И трупами врагов удобрена!
Пафос Рылеева, будущего декабриста, следует распространить и на всякую тиранию вообще, как это и делает Байрон, как это понимает и Рылеев, однако переворота в умах греческие события не производят. Одно дело выступить против османов, совсем иное дело – против классического имперского стандарта, благословленного всем ходом истории. В тот момент, когда, как кажется, планы Российской империи совпадают с романтическим порывом, поэты восхищенно поддерживают греческих героев. Но спустя короткое время Российская империя отказывается от планов кампании. Уже идут слухи о том, что на помощь Ипсиланти шлют армию Ермолова, уже Рылеев пишет в честь генерала восторженные строки, именуя его «Марсом».

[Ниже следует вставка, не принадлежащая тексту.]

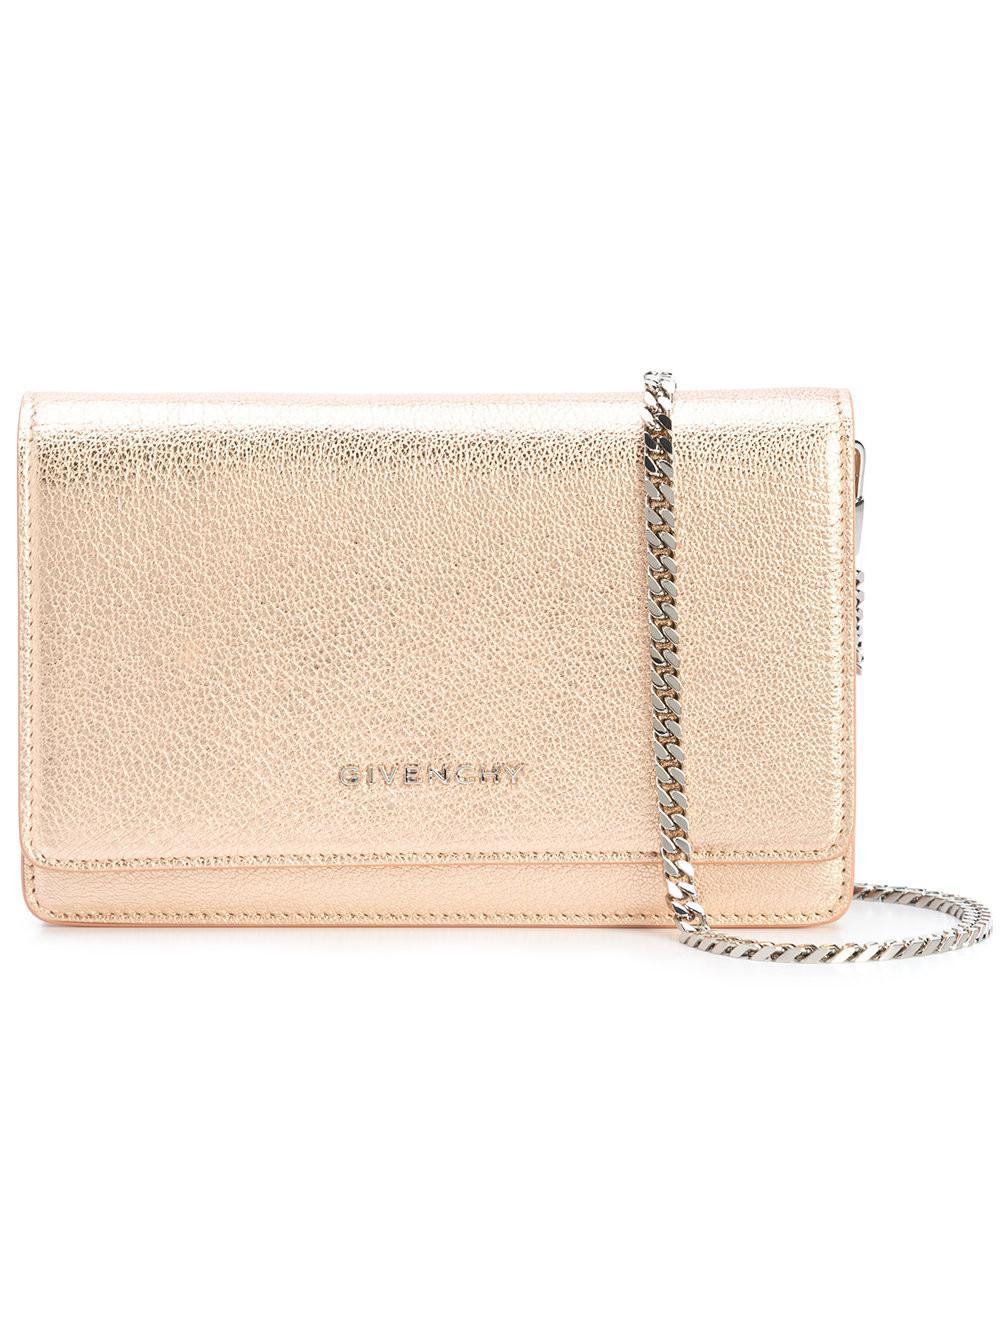 Pandora mini chain wallet - Metallic Givenchy JJxlEb
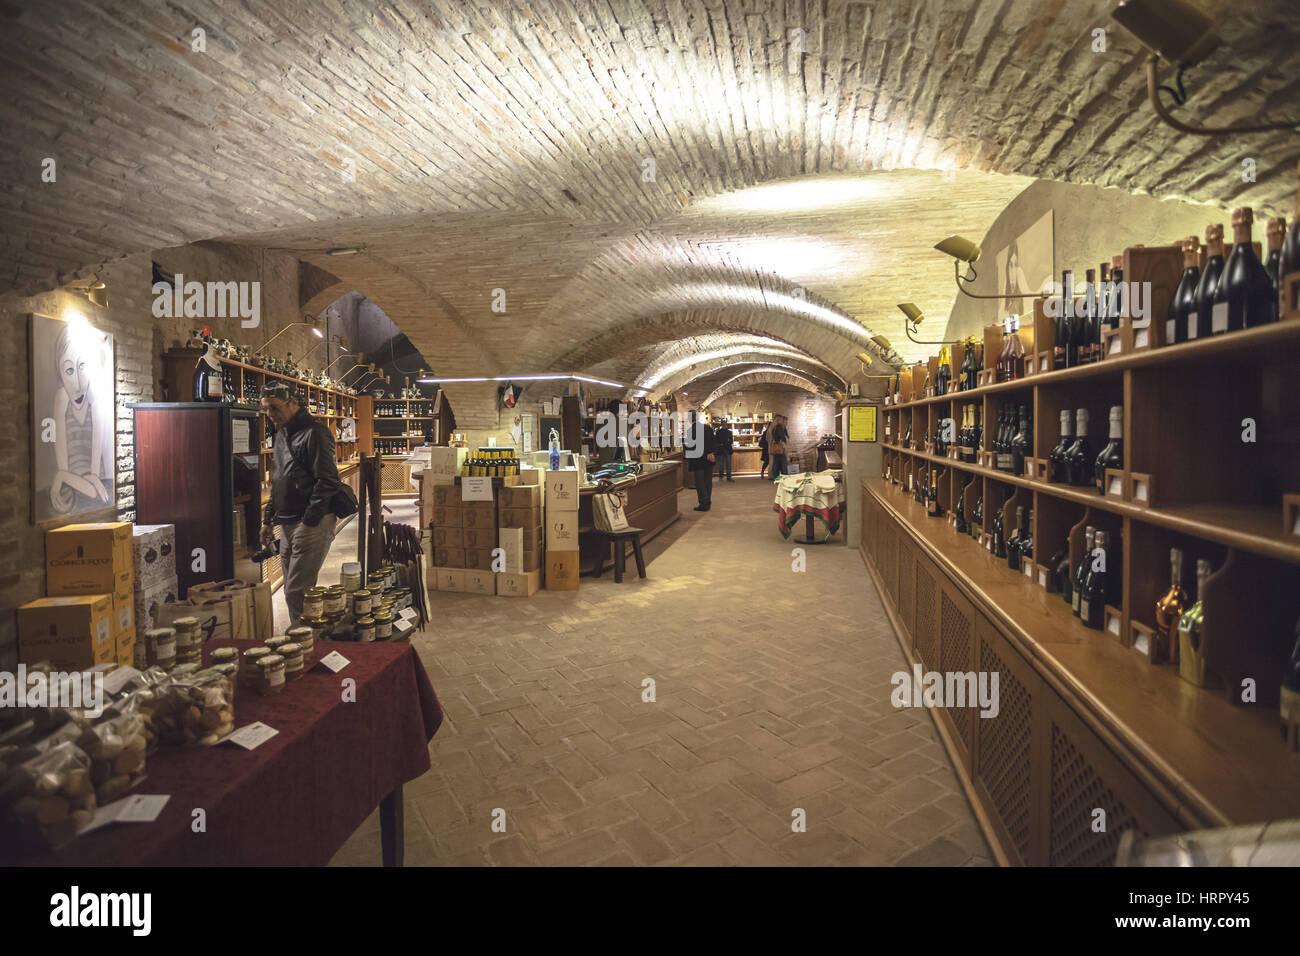 Italy Wine Bar Stockfotos & Italy Wine Bar Bilder - Alamy

Но российский министр иностранных дел Каподистрия (грек, родом с Корфу) шлет Ипсиланти следующие строки: «Никакой помощи, ни прямой, ни косвенной, не получите вы от императора, ибо мы повторяем, что недостойно его подкапывать основания Турецкой империи постыдными и преступными действиями тайного общества… Ни вы, ни ваши братья не находятся более в русской службе, и вы никогда не получите позволения возвратиться в Россию».
Пока Ипсиланти воюет, а Рылеев переживает, Александр I соглашается принять участие в конгрессе по Восточному вопросу (1822), организованному Меттернихом, – и греческие повстанцы уже не нужны. В Санкт-Петербурге уже поговаривают о том, что Пушкин ухал воевать в Грецию (совсем как Байрон, ведь Байрон как раз в Греции!), чего поэт, разумеется, делать ни в коем случае не собирался; со свойственной ему осмотрительностью в повести «Кирджали» поэт задним числом вынес окончательный приговор: «Александр Ипсиланти был лично храбр, но не имел свойств, нужных для роли, за которую взялся так горячо и так неосторожно. Он не умел сладить с людьми, которыми принужден был предводительствовать…» Фразу с легкостью можно адресовать и Байрону (она и писалась Пушкиным как аргумент для внутреннего диалога с гением). Дело, конечно, не в том, умел ли Ипсиланти ладить с людьми (когда и кого из поэтов это волновало?) – дело в отсутствии генерального плана, коему только и можно служить. Динамика настроений Пушкина интересна как свидетельство возможности оппозиции империи в принципе. Русский царь, взвесив обстоятельства, указывает Ипсиланти (и поэтам) на недостойность «подкапывать основания империи». Расчеты империй иные: тот самый Каподистрия, отстраненный Александром от политики и уехавший в Женеву, станет главой Греции, когда англо-русско-французский флот разобьет турок при Наварине. Это история крупноформатная, и поэты послушны ей, как Эней послушен приказаниям Юпитера, – им ясна высшая логика. Медный всадник неколебим, а Евгения схоронили «ради Бога».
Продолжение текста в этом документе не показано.